Figure 5.. Isolated lymphoid follicles contribute to region-specific adaptive immune responses

(A) Proportion of LP PC expressing IgA and (B) proportion of LP IgA⁺ cells that were PC in indicated tissue. Each circle represents an individual donor with paired samples. (C–G) The IgA repertoire in ileum and proximal colon GALT and LP was determined in 3 individual donors. (C and D) The Morisita-Horn similarity index (MHI) between (C) six individual cLP and siLP samples and (D) six individual PP and colon SM-ILF follicles, collected from each of the three patients analyzed. (E) Percentage of the most dominant GALT IgA clones in indicated LP samples. The 100 most abundant clones within each PP follicle (n=6) and SM-ILF (n=6) were pooled (PP: 471–583; SM-ILF: 521–570 clones) and the percentage of these clones that were present with ≥10 reads in each of the ileum and colon LP samples assessed. (F) Percentage of top 100 clones present in each individual GALT sample (X axis) from patient 3 that were present with ≥10 reads in each LP sample. (G) Proportion of the IgA repertoire in each LP sample that was covered by the dominating 100 clones in the 6 pooled SM-ILF (521–570 clones) or 6 pooled PP follicles (471–583 clones). Data from each of the three patients (X axis) is shown. (E-G) Bars represent boxplots with 1^st, median and 3^rd quartile. (H) Representative flow cytometry plots and (I) pooled analysis of intestinal homing receptor expression by IgA⁺ PC in indicated tissue. Each circle represents an individual donor with paired samples. PP, Peyer’s patch; SM-ILF, submucosal follicle; M-ILF, mucosal follicle; LP, lamina propria; GALT, gut-associated lymphoid tissue. See also Figure S5.

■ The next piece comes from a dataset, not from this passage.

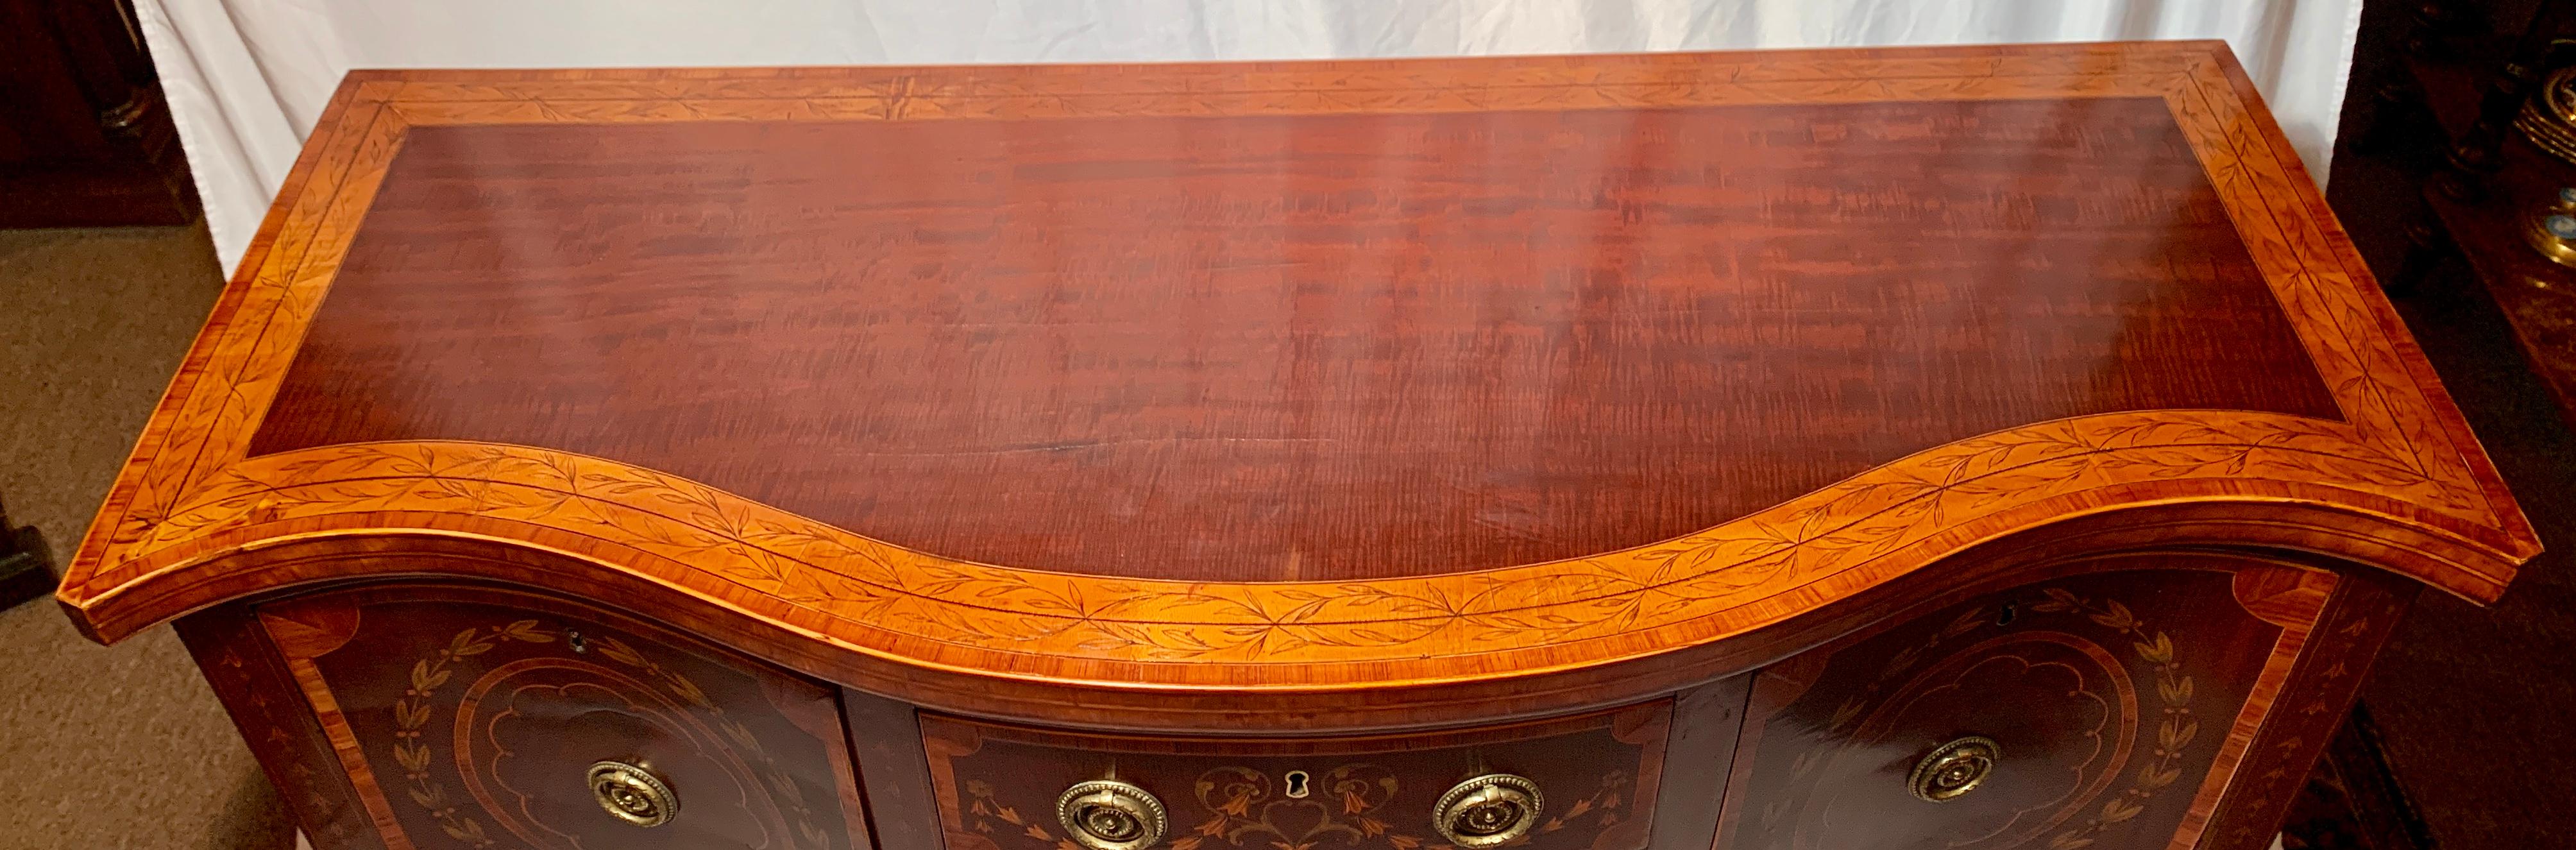 Inlay Antique English Satinwood Inlaid Mahogany Sideboard, circa 1860 For Sale
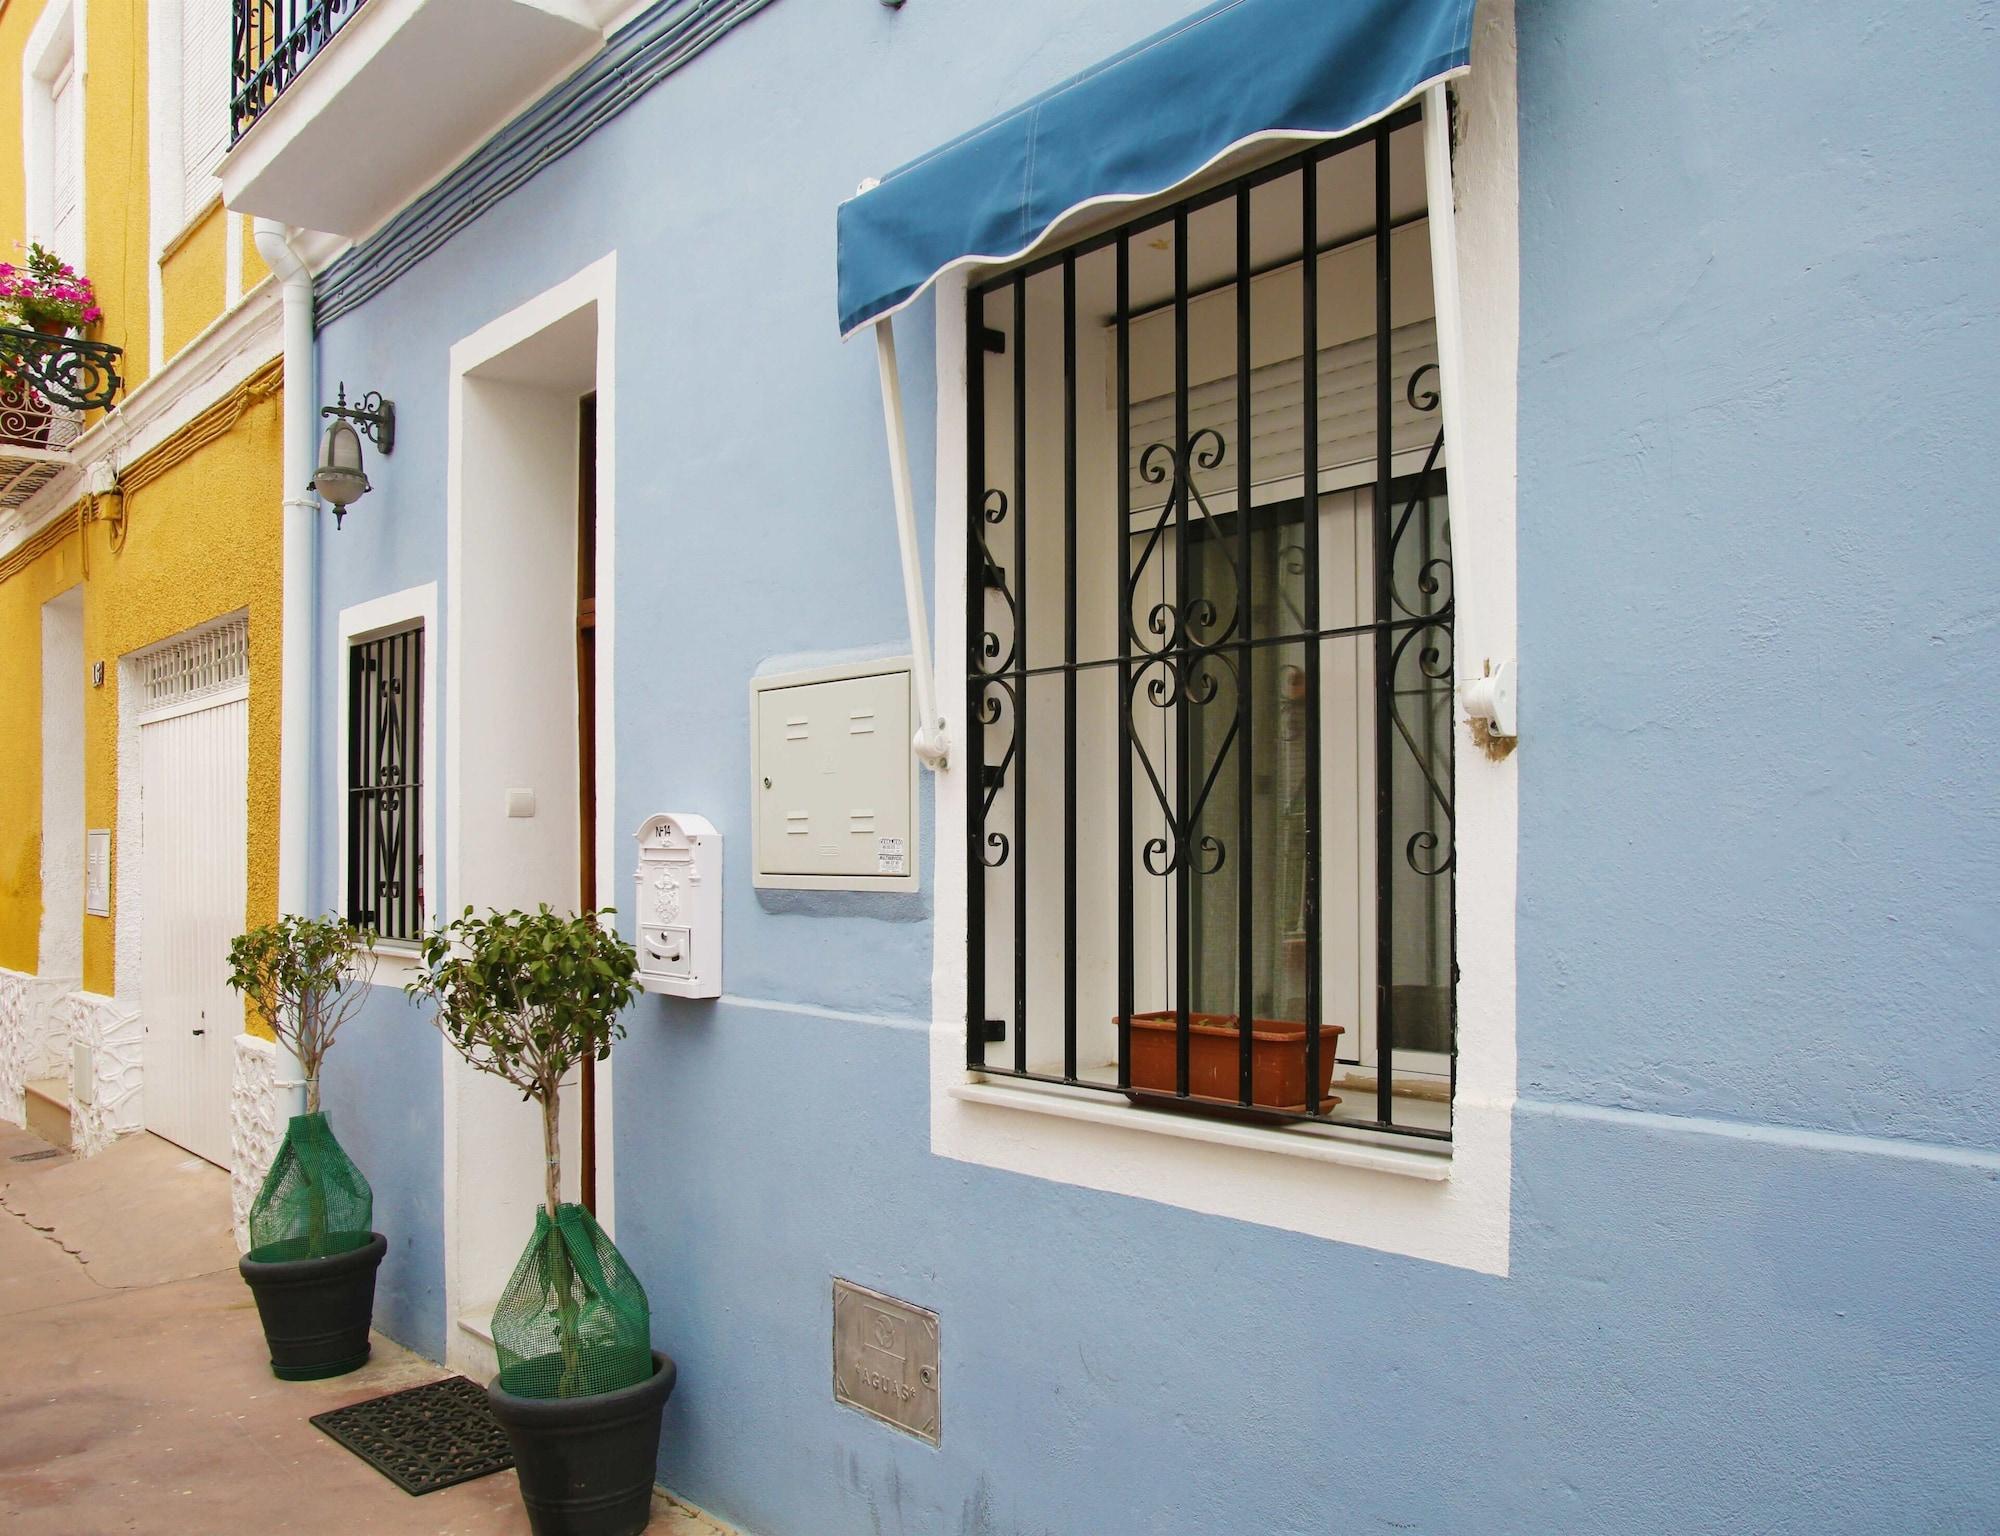 Malaga Lodge Guesthouse Exterior foto

Figure 6.. IgA isotype is related to clonality with little evidence of sequential IgA1 to IgA2 switching

(A) The distribution of the IgA1:IgA2 ratio per clone (IgA1⁺ ~1.0; IgA2⁺ ~0.0) in indicated samples (see STAR methods). (B) IgA1:IgA2 ratio of LP PC in ileum and proximal colon LP as assessed by flow cytometry. Each circle represents a single patient with paired samples. *p<0.05, paired student’s t test. (C) Distribution of change in IgA isotype for the top 100 GALT clones showing ≥ 10 reads within the LP. Clones of each GALT sample were compared to each LP sample. The change in IgA isotype of a specific clone was calculated by subtracting the IgA1 fraction of the clone in LP from the IgA1 fraction of the clone in GALT. Displayed are the change in fraction of each clone from IgA2 to IgA1 (negative values) or from IgA1 to IgA2 (positive values). Top panels, SM-ILF clones in colonic LP, lower panels PP clones in ileal LP. PP, Peyer’s patch; SM-ILF, submucosal follicle; LP, lamina propria.